Предисловие от автора
Данная книга, четвёртая по счёту, имеет под собой серьёзные основания. Можно сказать, она родилась сама по себе как результат обстоятельств, перемен и крутых поворотов судьбы. Здесь, как и в любом поэтическом сборнике, средоточие горя и радости, боли и восхищения, отчаяния и облегчения. В основе названия собрания лежит причина, по которой нам вообще нужны воспоминания – донести нам некое сообщение из прошлого в такое противоречивое и сложное настоящее. От сейчас всегда хочется убежать, но, вероятно, силы преодолеть трудности всё же найдутся.

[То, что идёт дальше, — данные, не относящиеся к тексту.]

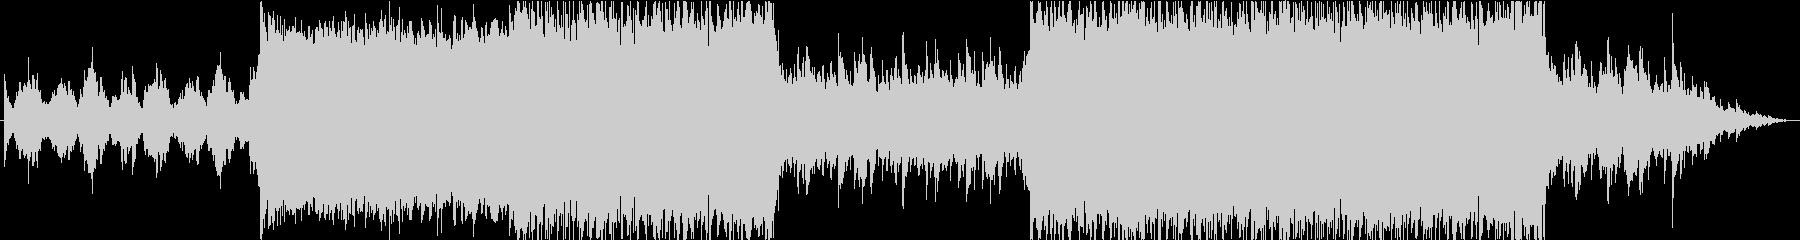 【BGM】ソフトなアコースティックポップの未再生の波形
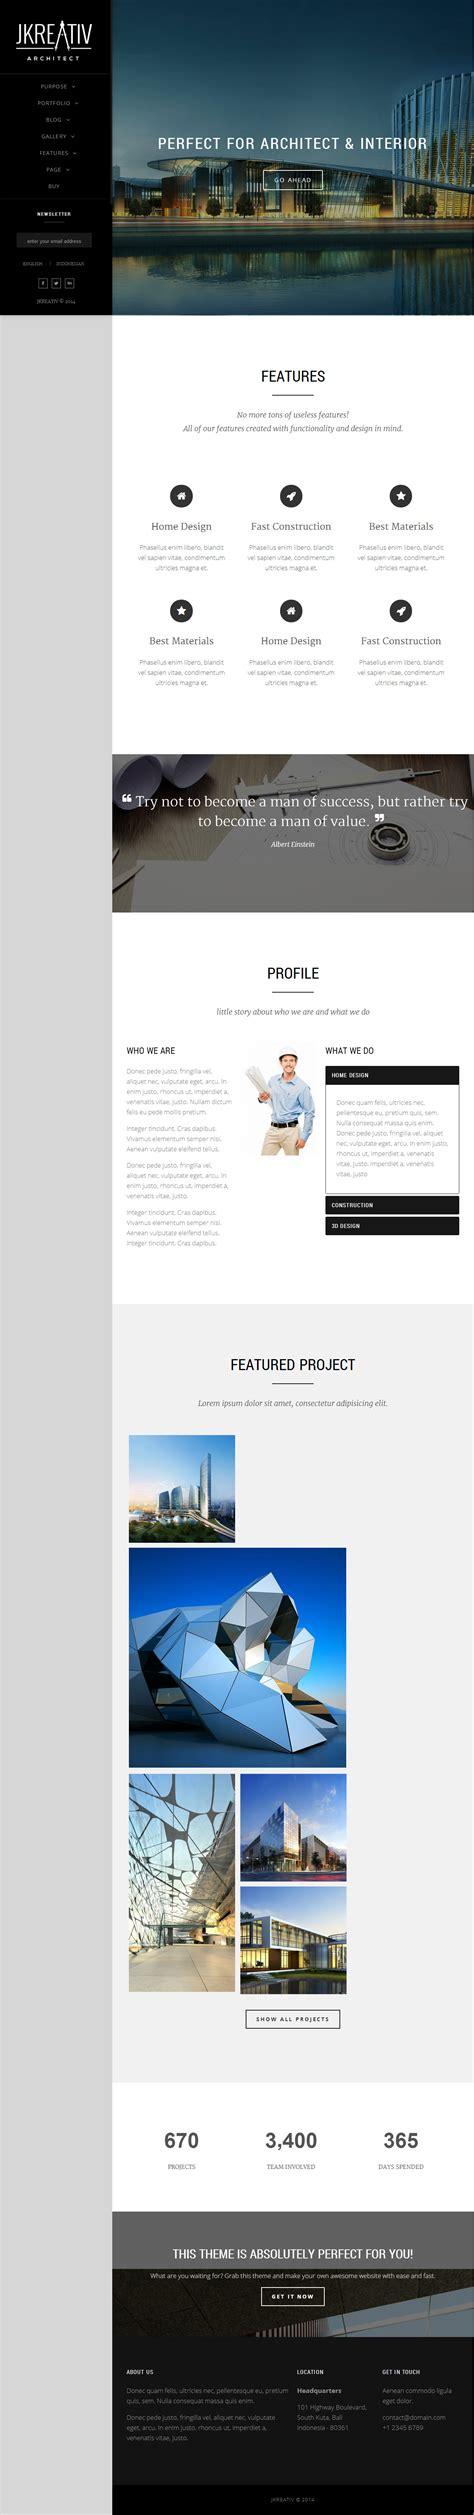 best home design websites 2014 100 best home design websites 2014 50 best websites
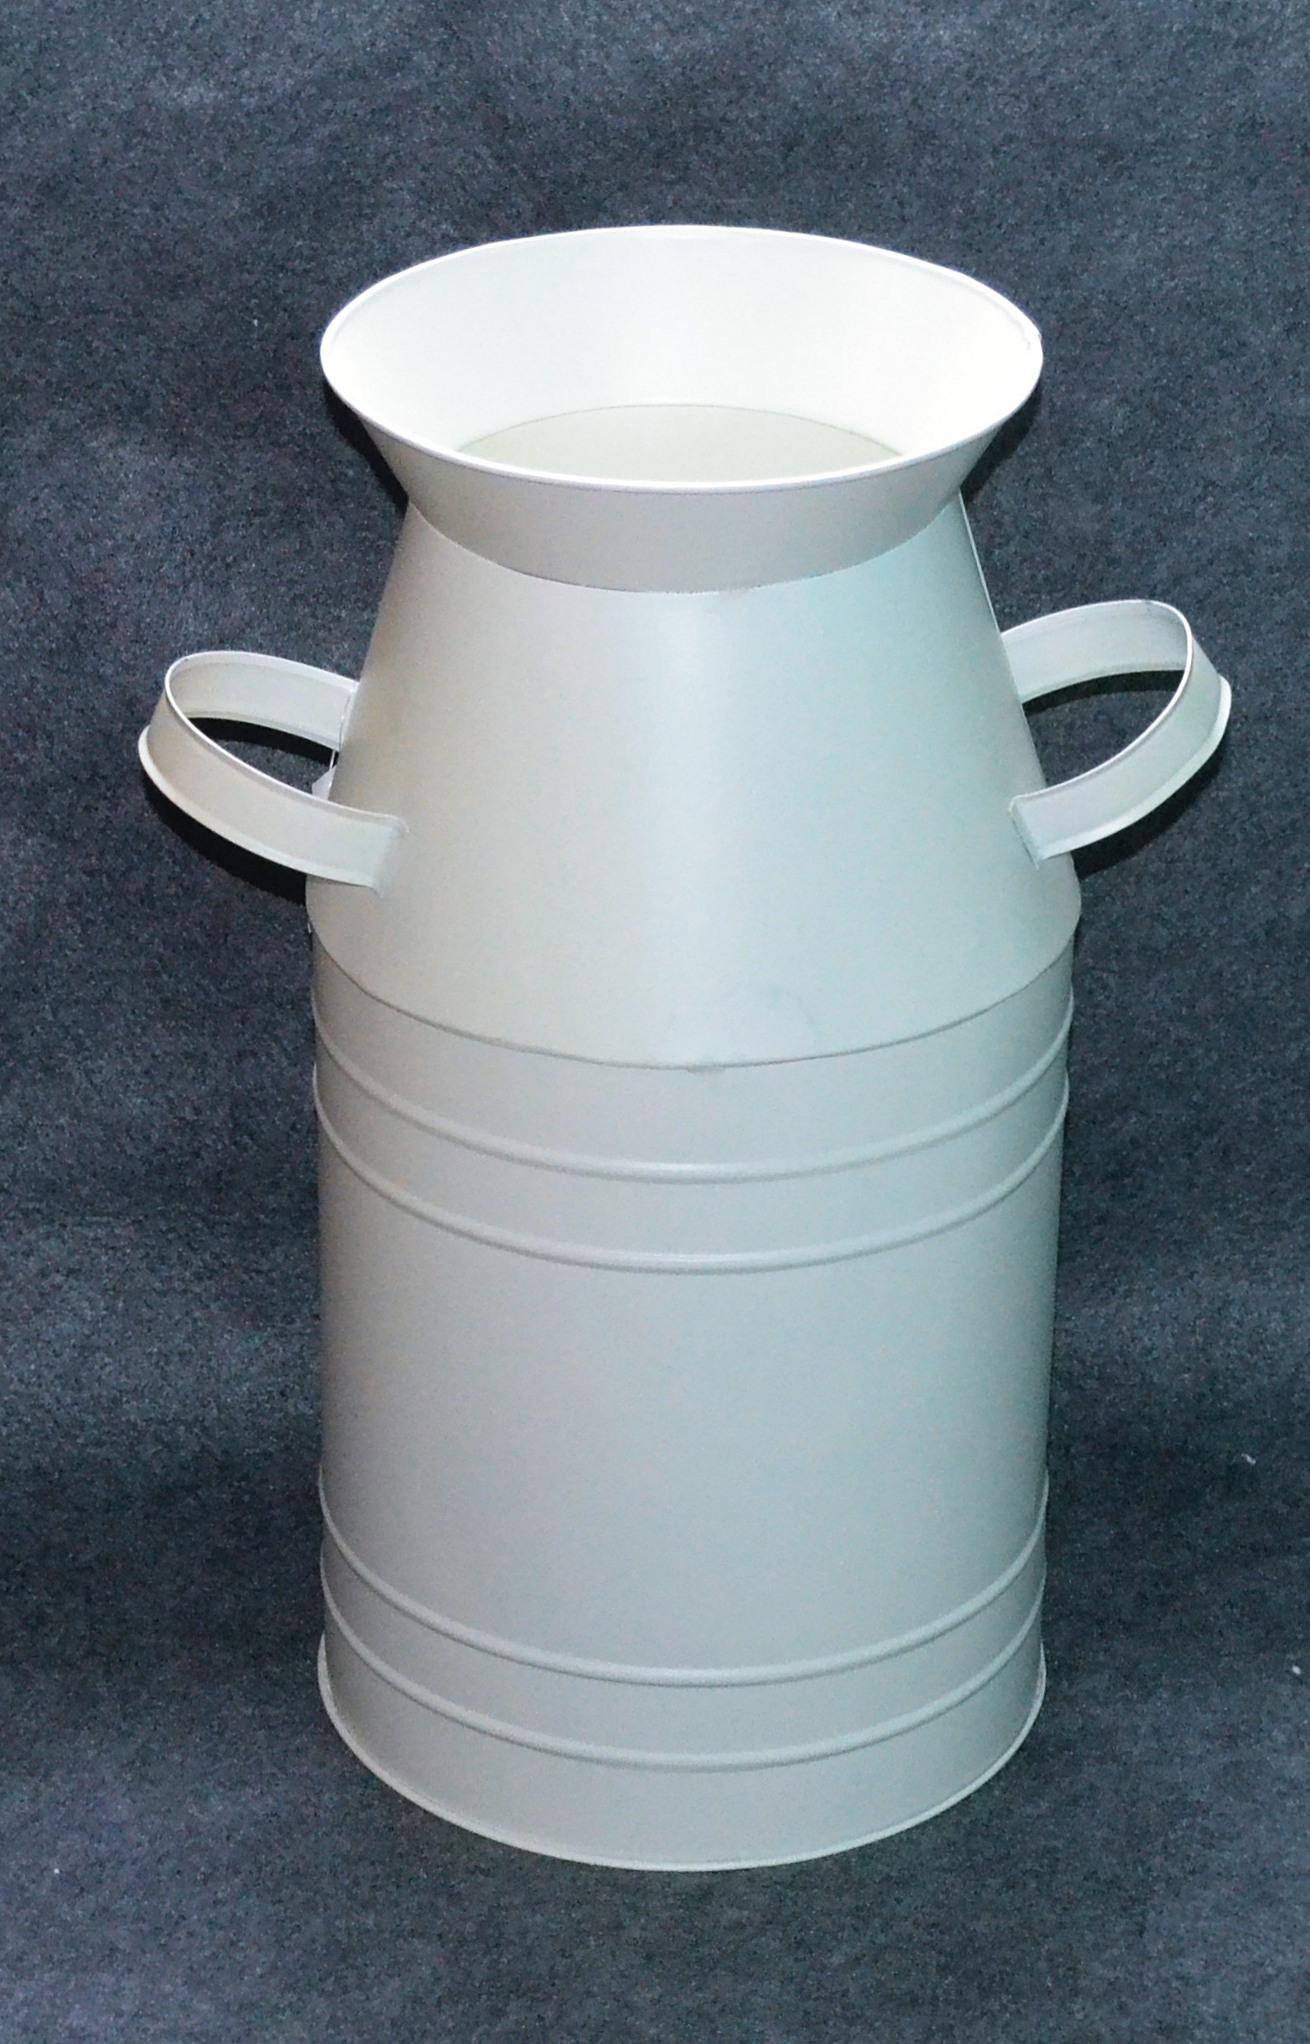 metal-milk-can-white-18x9-mc32195.jpg
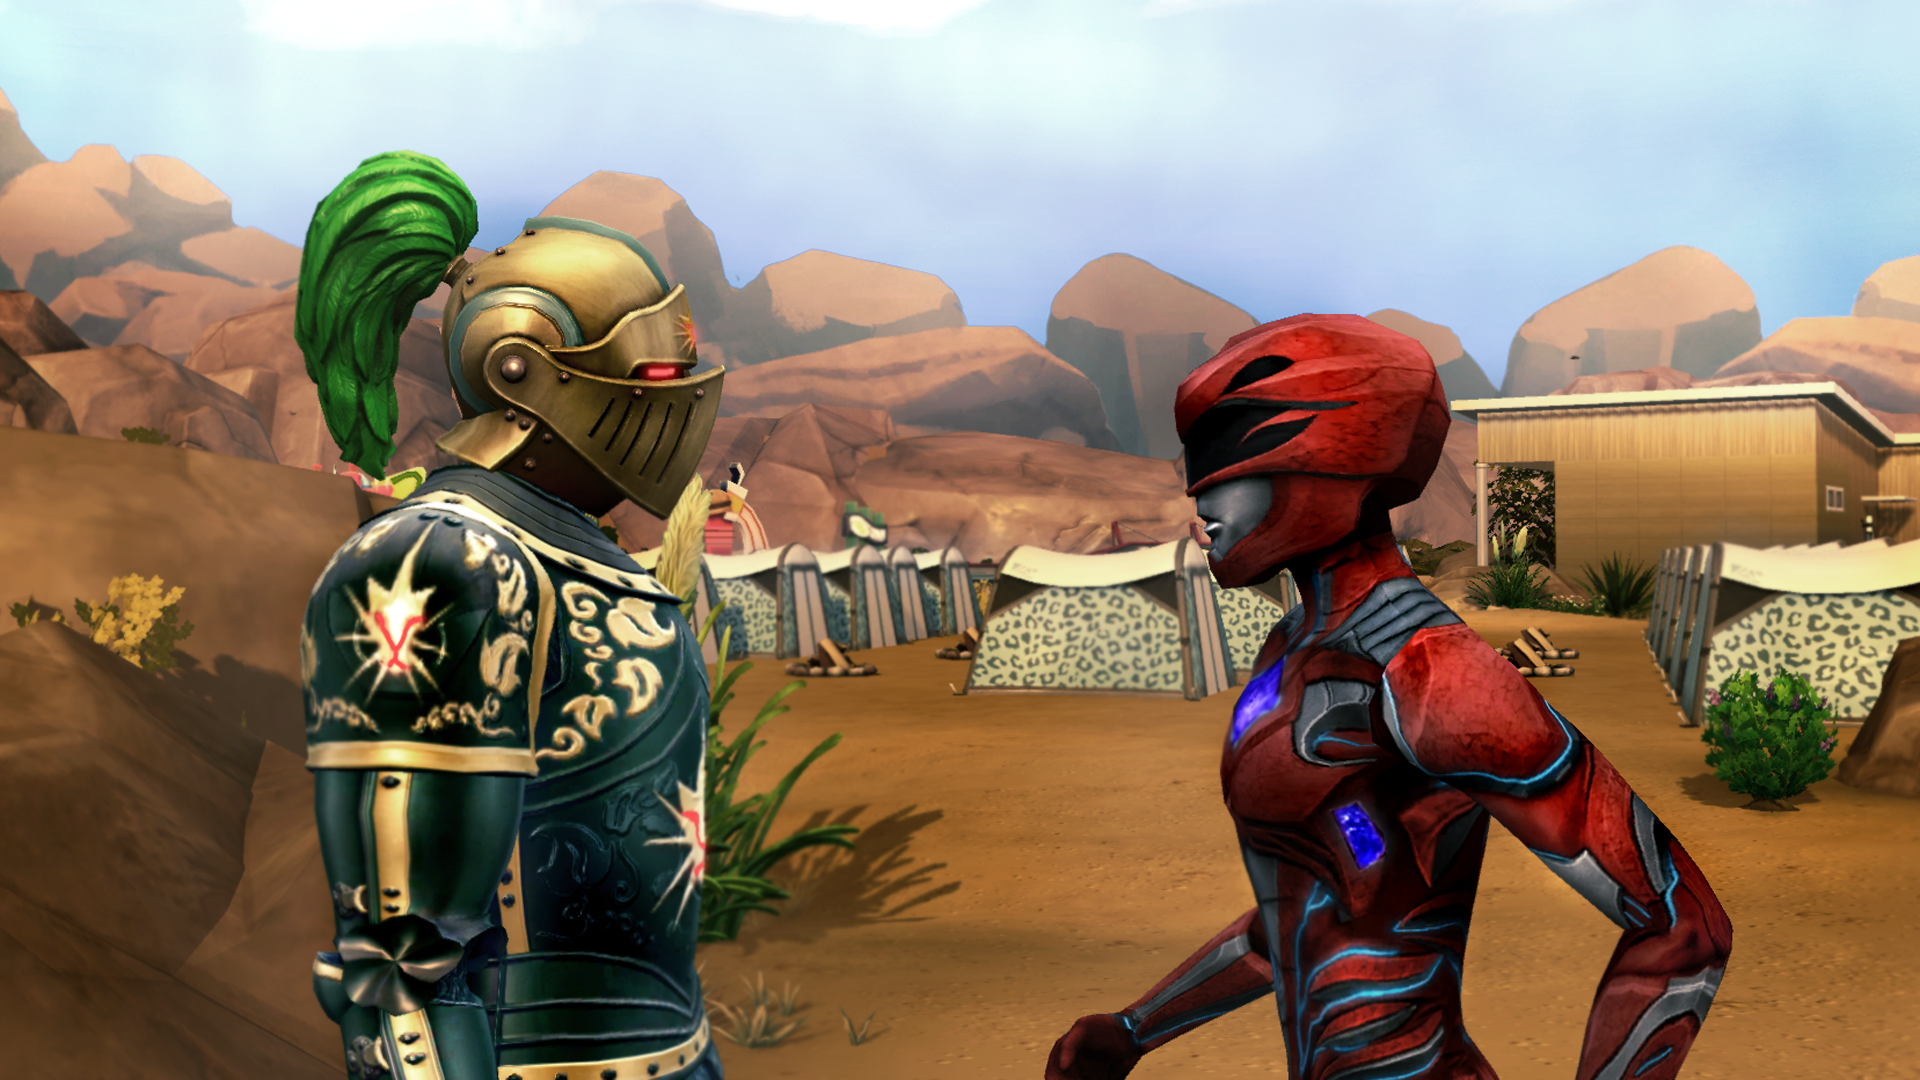 Volkonir Meets the Power Rangers Wallpaper

Сердцевина книги – циклы «Иммигрант» и «Гитарист» – вдохновлены переездом в Далмацию, где происходили и продолжают происходить вещи, от которых волосы встают дыбом от животного страха и челюсть падает вниз от лирического восторга. Происходящие события порой вгоняют в ощущение крайней безысходности, но при этом существует чёткое понимание, что этот день не имеет права закончиться, если в нём не было чашечки кофе с тёплым молоком вкупе с видом на горы и море. Эмоции крайне разношёрстны – от «Боже, спасибо за то, что вдыхаемый мною воздух так невероятно свеж» до «Жизнь, ты такая уродливая, но при этом чертовски интересная».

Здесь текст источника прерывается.